I tend to beat up on myself for not having done enough. Been successful enough. Been beautiful enough. Kind enough. Enough. Enough. Enough. But none of that matters as much to me when I’m reminded to slow down. To take a breath. And stop being such a dick to myself. Brisket reminds me that there are other things that need tending. Other real things are happening outside my mind and thought loops. He reminds me that maybe my energy could be better spent elsewhere.

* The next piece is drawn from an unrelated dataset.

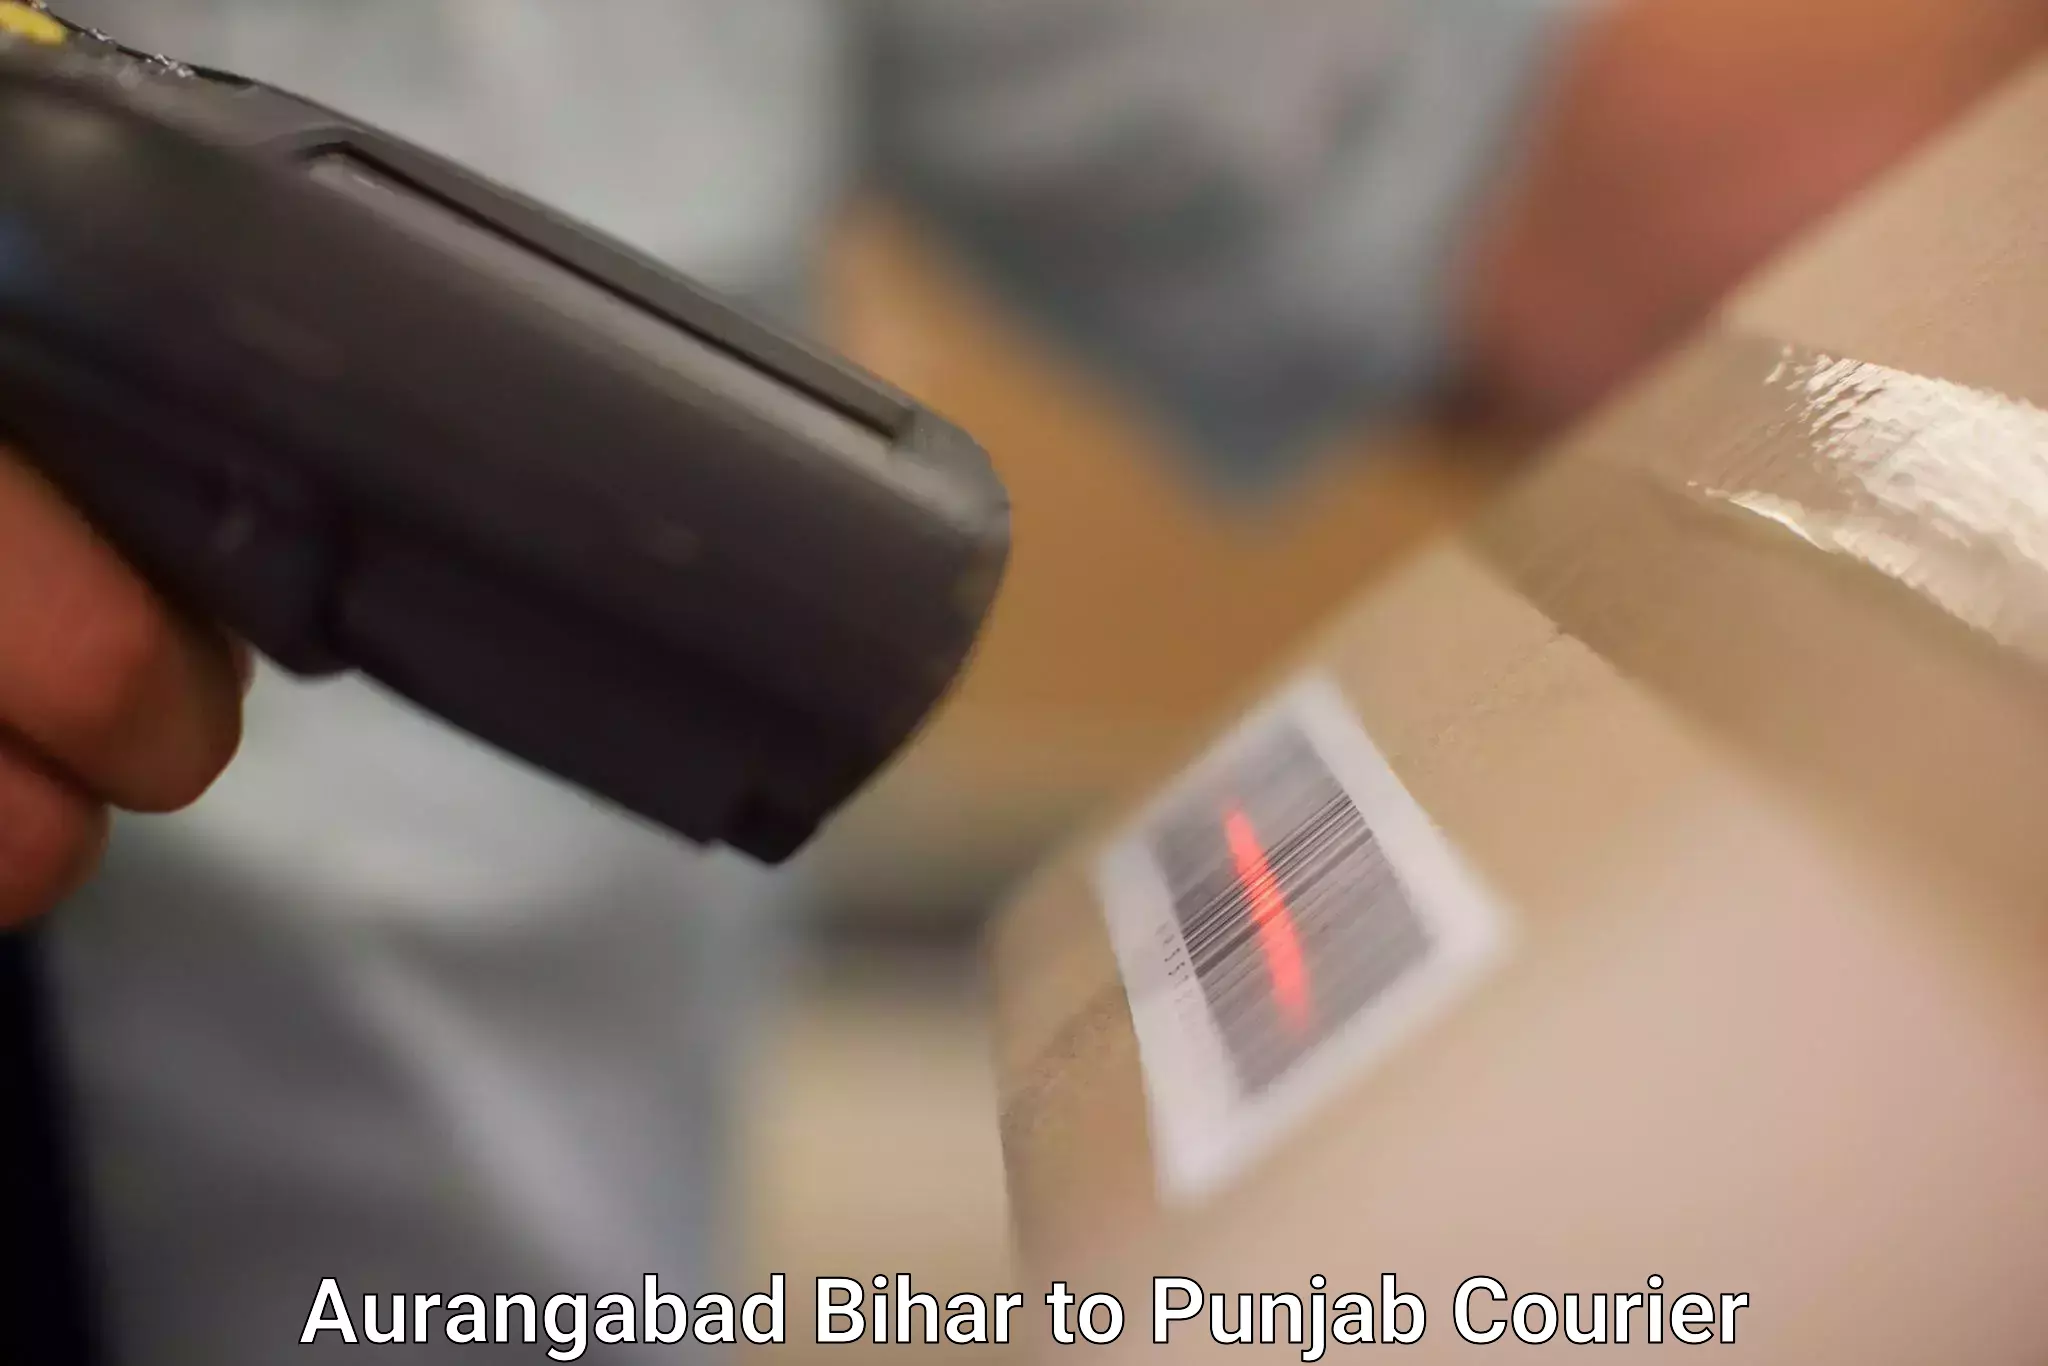 Large package courier Aurangabad Bihar to Amritsar
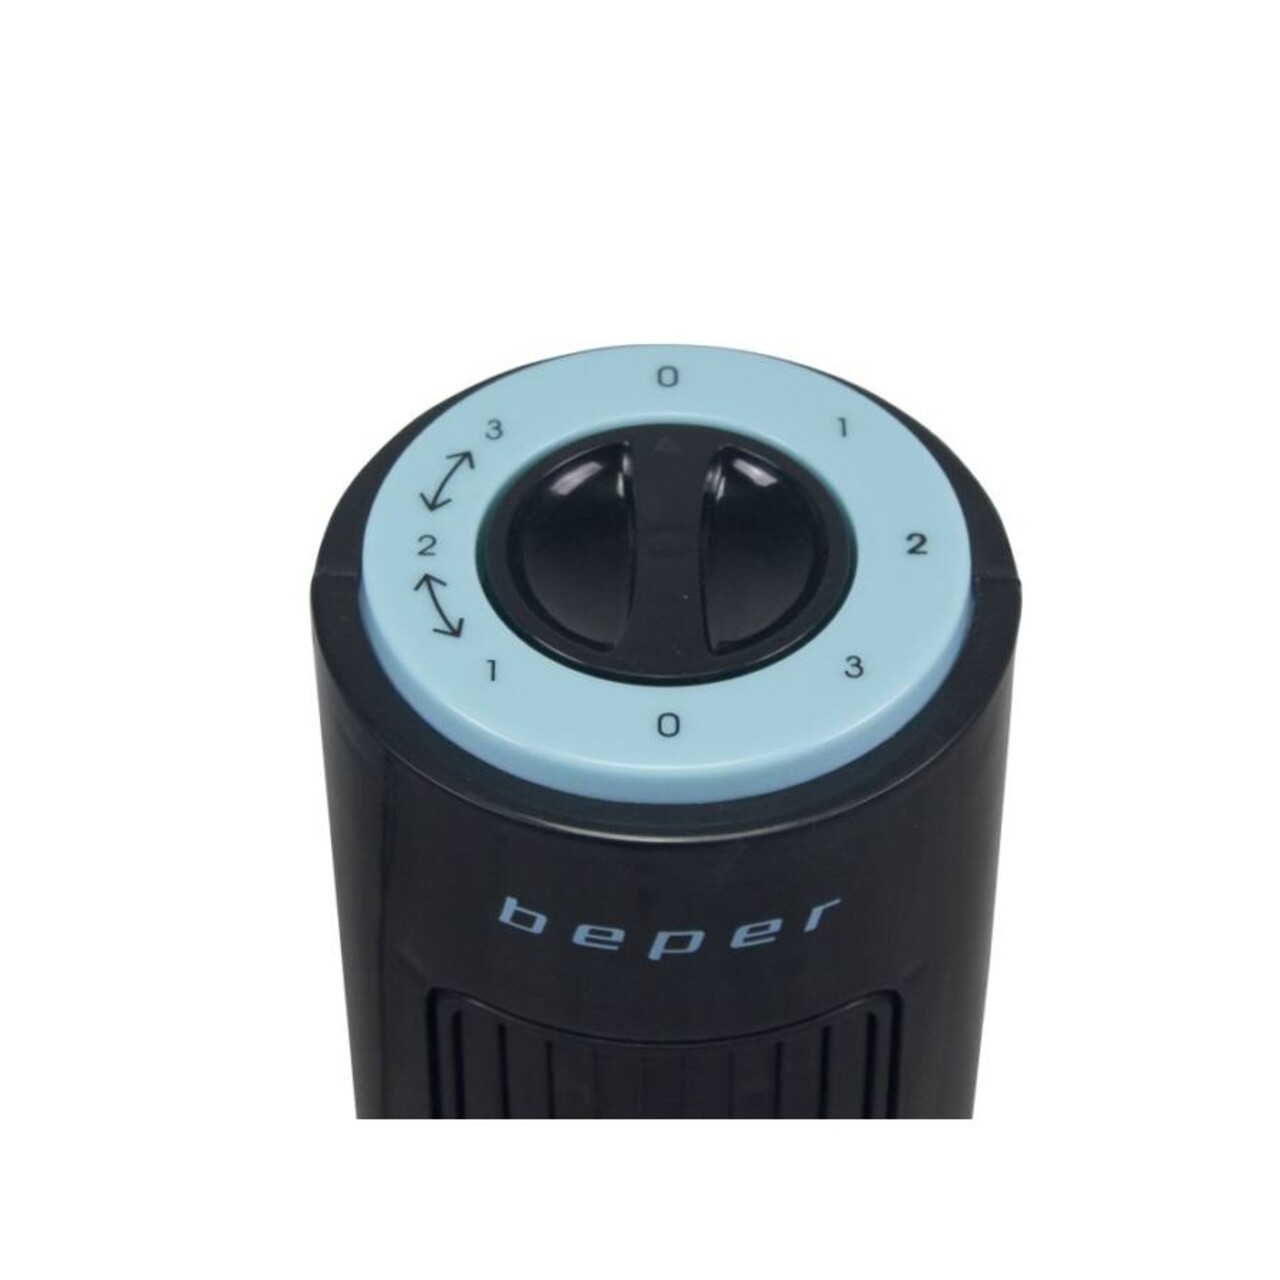 Ventilator Turn P206VEN300, Beper, 40 W, 3 Viteze Selectabile

This gorgeous pup that I cannot believe how lucky I am to take care of, reminds me of all this. And he doesn’t even talk!
He’s made me feel less scared about the thing I’m the most scared of, parenthood. He made me feel like I might be okay if I tried it out despite the looping thought that told me I’d be complete shit at it. Because he looks at me, and despite my constant screwing up, he seems confident I’m his That Bitch. His dog-mahm. He trusts me to feed him, water him, pet him, snug him, and love him. That much is understood. And when I had a miscarriage he reminded me I can be as sad as I want and that’s okay, but he still needed his walk. He still needed his poop picked up. He still needed water. He still needed love. And he reminded me that I still needed and deserved all those things too.